Saturday, January 9, 2010

Bank Policies Affecting You?


The Credit Card Act of 2009 was implemented last may to deal with the growing deceptive practices in the Credit Card industry. The changes are scheduled to for the February 2010, one might think during this time frame the banks are adjusting their policies but that is certainly not the case, reports confirm that they are simply adjusting their policies with the struggling economy.

The report which is titled Still Waiting: Unfair or deceptive Credit Card Practices Continue as Americans waits for new reforms to take effect. Amazingly 100% of the banks reviewed would fail to meet the requirements of the new Credit Card Act; in fact some of the practices which brought about the credit card legislation had become even more common. For instance in December 2008 92% of the banks reviewed raised interest rates on outstanding balances by changing their account agreements unilaterally, As of July 99.7 of the banks will raise their rates. The report also found that 95% of the banks apply payments in a manner that the Federal Reserve considers likely to cause “substantial monetary injury.” This means that the credit card issuer chooses how to apply your monthly payments, that’s possible because many accounts have multiple types of balances each with its own interest rate.
For instance the interest rate you may be charged for purchases could be 15%, while the interest rate for any cash advance could be 25%. Your credit card company decides where to apply the bulk of the payment and right now many apply payments to the portion of your balance with the lowest interest rate first.

Let us assume you had a total credit card balance of $1000.00, $600 of which were for purchases and the remaining $400 for cash advances; you then made a payment of $700, the bank would choose to apply the payment to the portion of the balance related to the purchases part with the lowest interest rate. The balance with the higher interest rate in this case the cash advance, would receive a smaller payment. The Credit Card Act abolishes this practice but until it takes effects banks continue to squeeze every dollar out of their accounts by applying payments this way. That’s why congress was considering moving the effective date of the act to December 1st.

From the bank’s perspective making the most out of the credit card side of the business before that happens makes make perfect sense, after all their real estate lending business has been hurting and it slow to turn around. At the same time the rising number of defaults a natural consequence of increasing unemployment among the banks clients means that banks have good reason to be anxious about the changes they will have to accommodate when the law takes effect.

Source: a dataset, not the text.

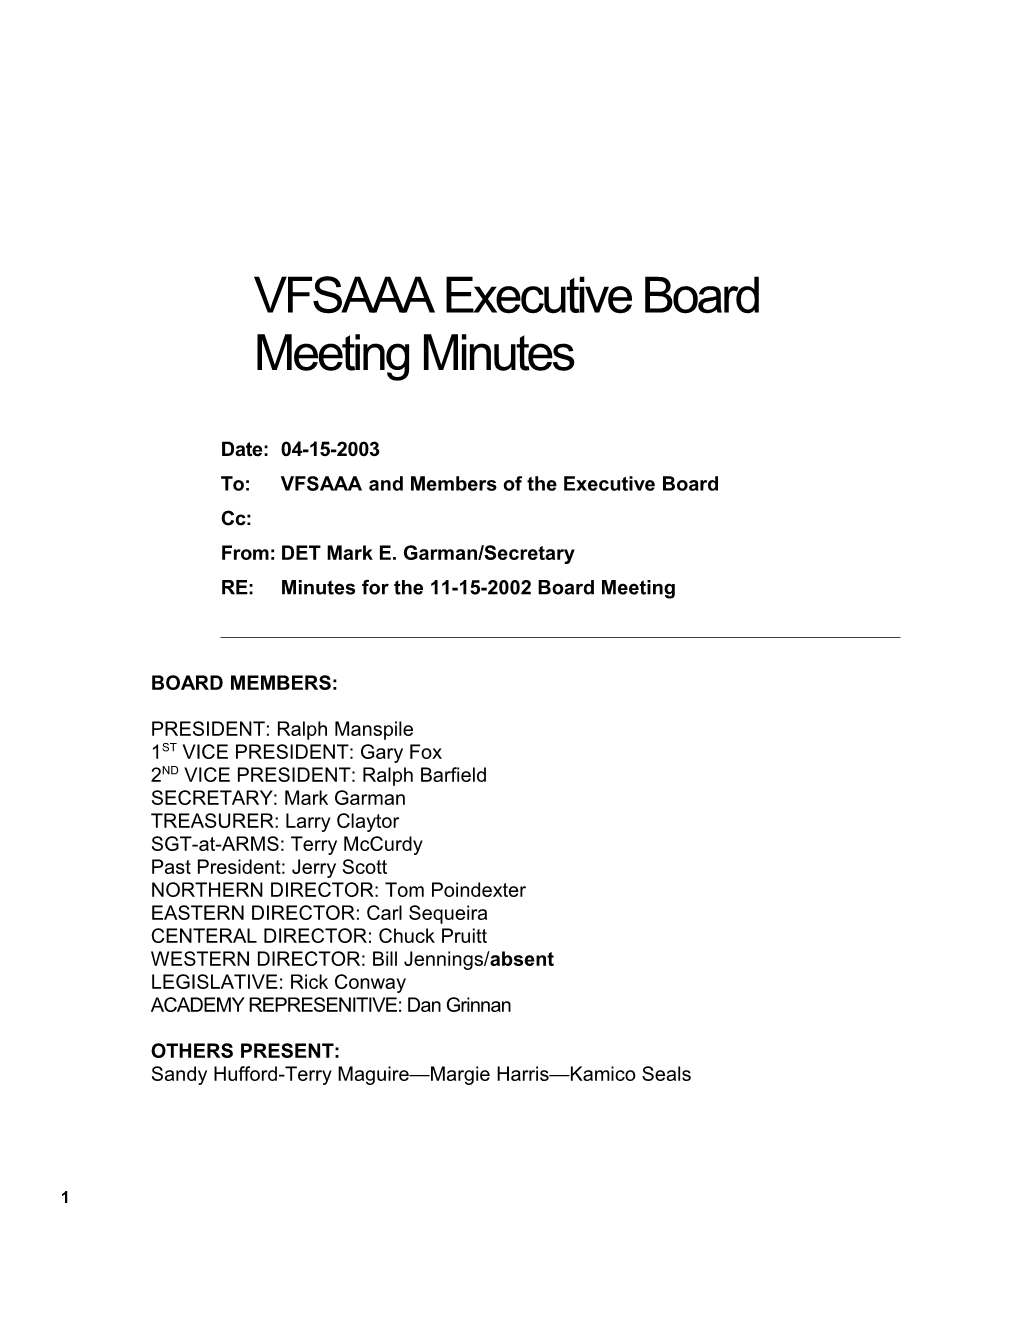 VFSAAA General Membership Meeting Minutes

And there are still other changes you should be aware of.

Creditors are also making a departure from offering consumers fix interest rates, most contracts allow the lender to change the interest rate they offer to you for any reason; because of this the Credit Card Act requires that rates advertised as fixed must remain unchanged for a stated period of time. To avoid this some creditors are opting to convert their fixed rates to partially viable rates with fixed minimums. Partially viable rates are tied to an index like the prime rate and the minimum rate requirement would prevent card holders from enduring a low rate if the index fell below a predetermined limit. In December of 2008 10% of banks attach partially viable rates to their credit cards, however in July of 2009 38% of the banks studied now offer partially viable rates.